Clifton Webb achieved stardom with his role of Mr. Belvedere, a snide know-it-all babysitter with a mysterious past, in the 1948 comedy film “Sitting Pretty”, based on the 1947 novel “Belvedere” by Gwen Davenport. This role became so popular that it was followed with two sequels: the 1949 box office success “Mr. Belvedere Goes to College” and the 1951 “Mr. Belvedere Rings the Bell”.  In 1950, Webb and actress Myrna Loy played the roles of efficiency experts Frank and Lillian Gilbreth, the parents of twelve children, in the film “Cheaper by the Dozen” which made Webb one of the biggest stars in the United States. 

In addition to these comedic films, Webb played more serious character roles for 20th Century Fox. He starred in the 1952 Technicolor film biography of bandmaster John Phillip Sousa entitled “Stars and Stripes Forever”. Webb’s most dramatic role was the brave but doomed husband of Barbara Stanwyck’s Julia Sturges in the 1953 “Titanic”, the winner of the 1954 Academy Award for Best Original Screenplay. The following year, he appeared as the novelist John Frederick Shadwell in the romance film “Three Coins in the Fountain”. Webb appeared in the 1956 British war film “The Man Who Never Was”, based on the Allied invasion of Sicily in World War II, and as a sarcastic but self-sacrificing Catholic priest in the 1962 “Satan Never Sleeps”, his final film role. 
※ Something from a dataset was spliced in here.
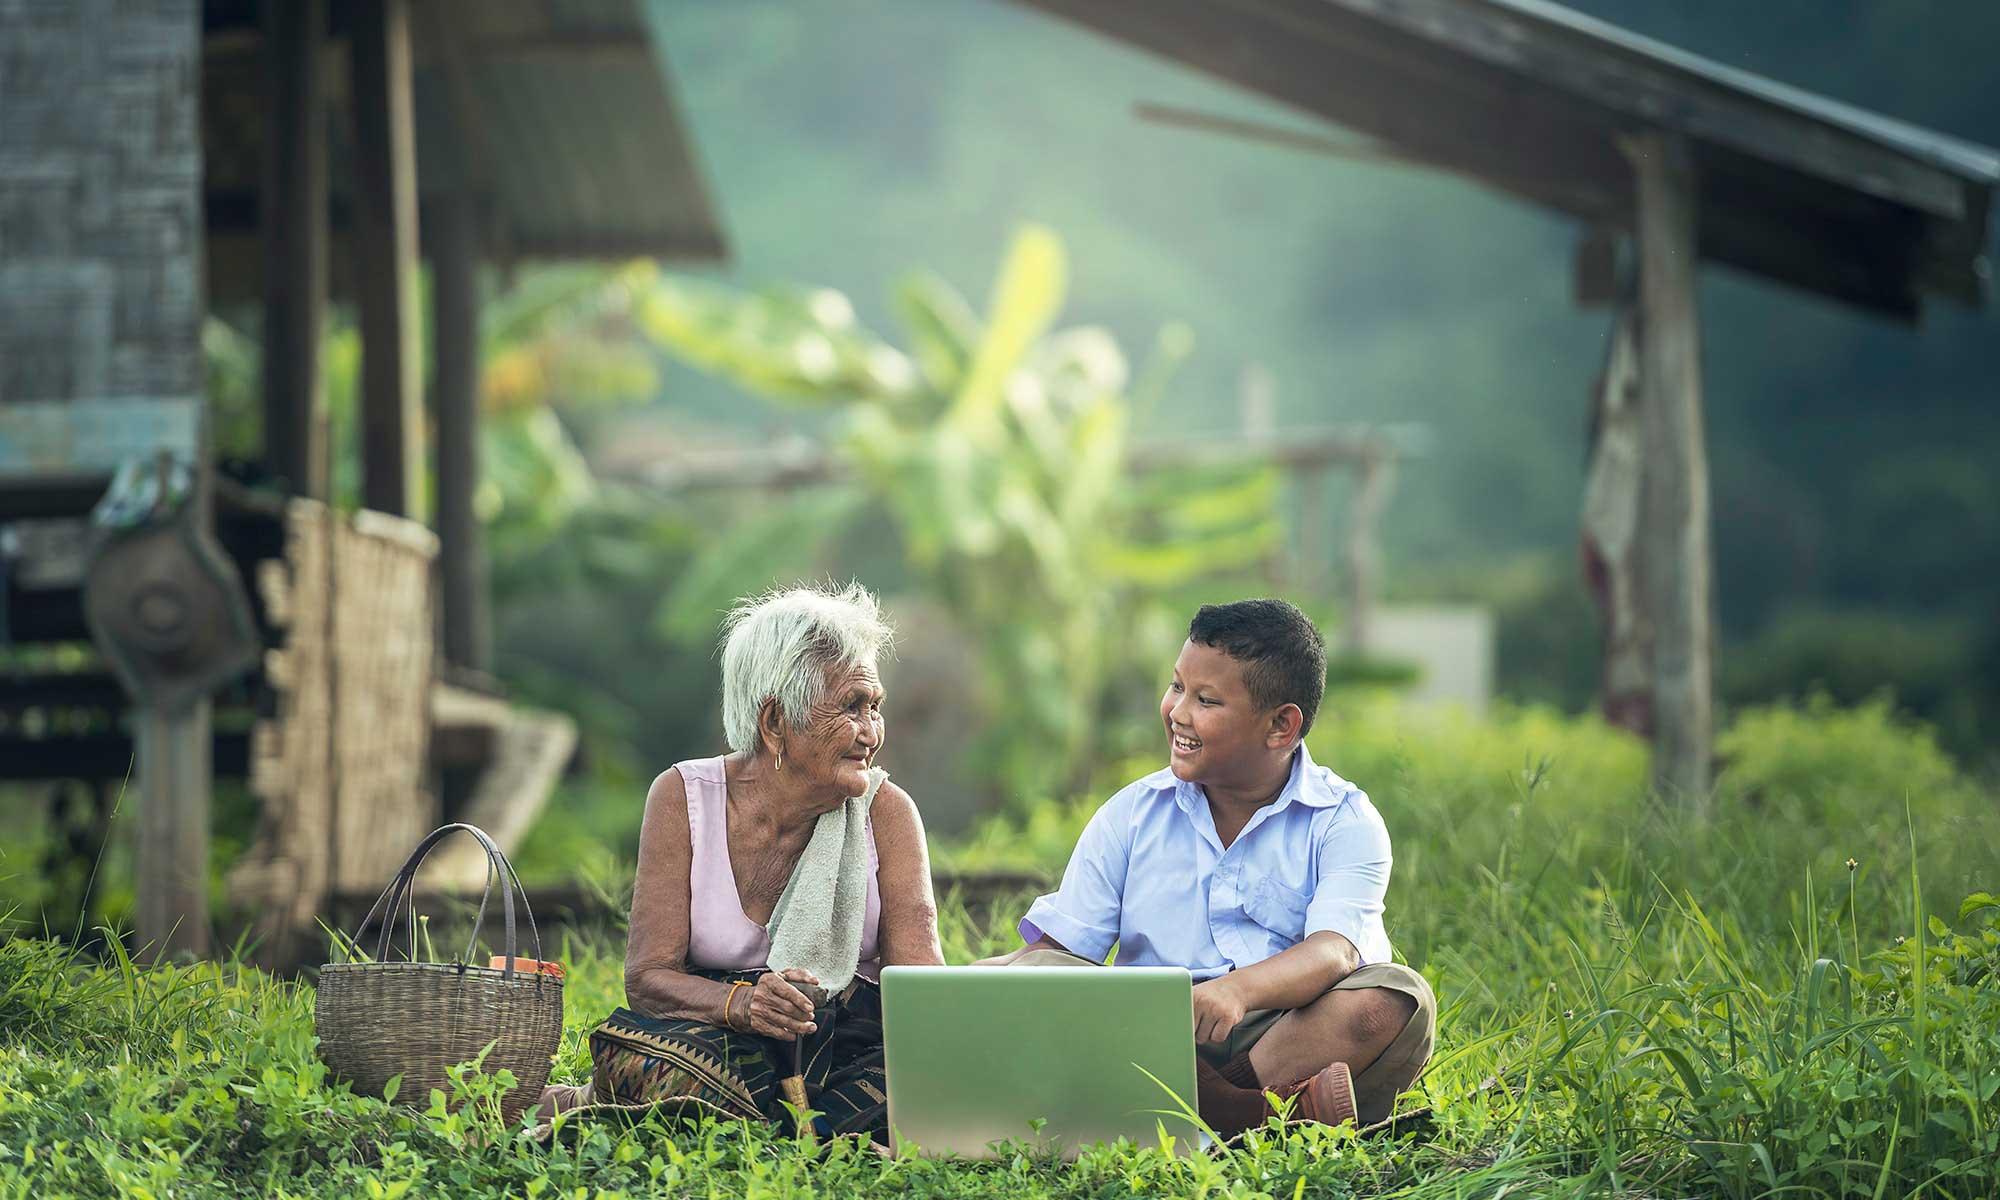 Conoce las oportunidades que ofrece la aplicación de Big Data en proyectos para el bien social, que ayudan para lograr la sostenibilidad y alcanzar los ODS 2030.

Clifton Webb was one of the few gay actors to appear in decidedly heterosexual character roles, most notably the devoted husband who fathered twelve children in “Cheaper by the Dozen”. Obsessively proper, correct and well-mannered, he lived his bachelor life as close to being openly gay as any leading actor in Hollywood could be. Although he lived with his mother until her death in 1960, Webb threw lavish parties and enjoyed the company of young men who gathered poolside at his pink stucco house in Beverly Hills. His friends included many member of the gay circles in the film industry: Noël Coward, Cole Porter, actor Monty Woolley, director George Cukor, stage and costume designer Oliver Messel, film director Irving Rapper, actors William Hanes and Jimmie Shields, among others.
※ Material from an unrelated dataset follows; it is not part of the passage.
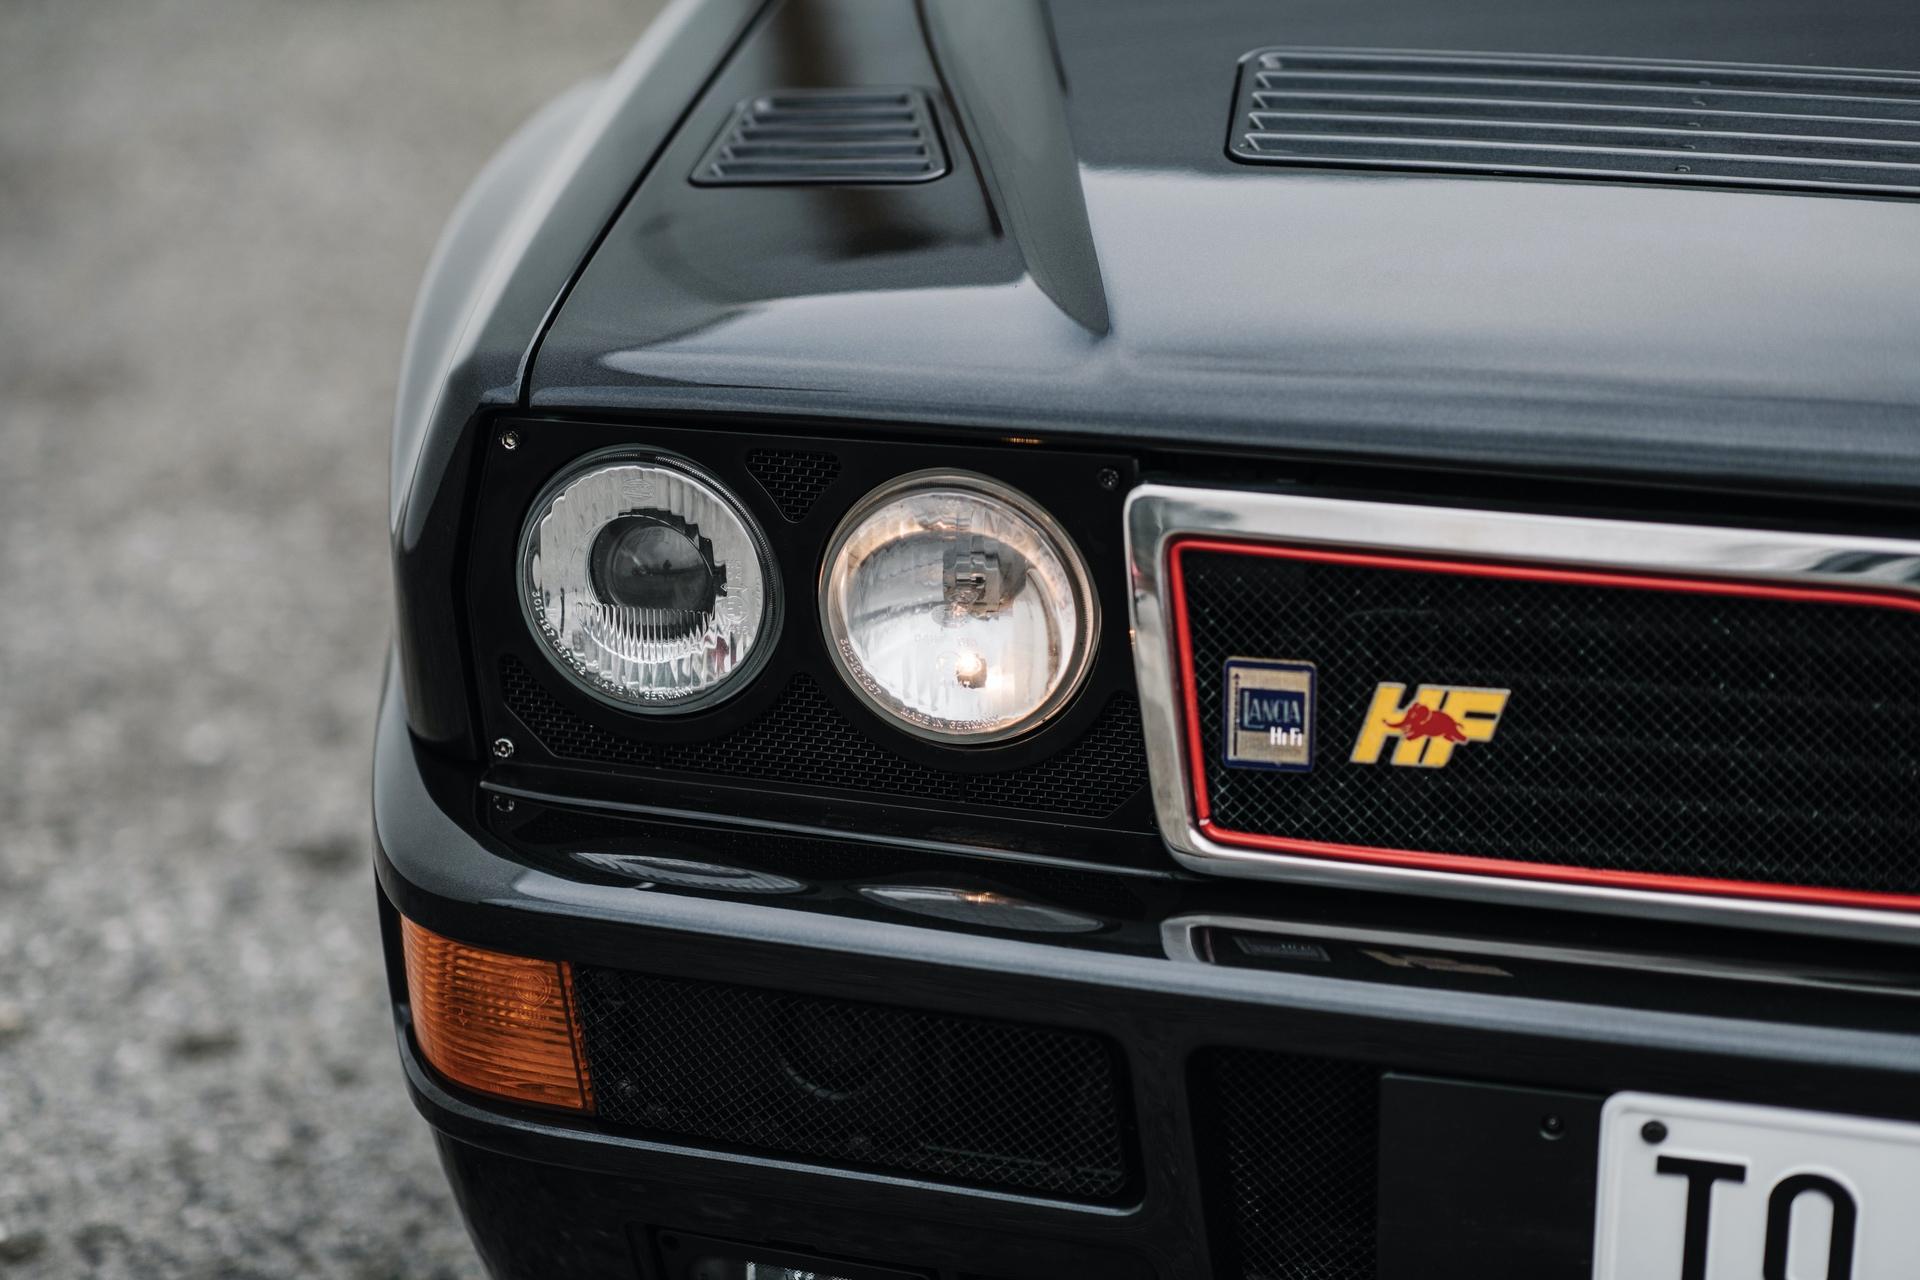 1992-Lancia-Delta-HF-Integrale-Evoluzione-_8

Due to health issues, Webb spent the last five years of his life as a recluse at his home in Beverly Hills. He suffered a fatal heart attack, at the age of seventy-six, at his home on the 13th of October in 1966. He is interred in a crypt in the Abbey of the Psalms at Hollywood Forever Cemetery, alongside his mother. For his contributions to the motion picture industry, Webb was honored with a star on the Hollywood Walk of Fame located at 6850 Hollywood Boulevard. An archive of his papers, including typed manuscripts, notes, correspondences, financial records and Webb’s last will and testament, is housed at the Margaret Herrick Library of the Academy of Motion Pictures and Sciences.

Note: Clifton Webb’s portrayal of the character Mr. Lynn Belvedere was the model for the “Mr. Peabody” character in the animated cartoon series “Rocky and Bullwinkle and Friends”, which ran from November of 1959 to June of 1964.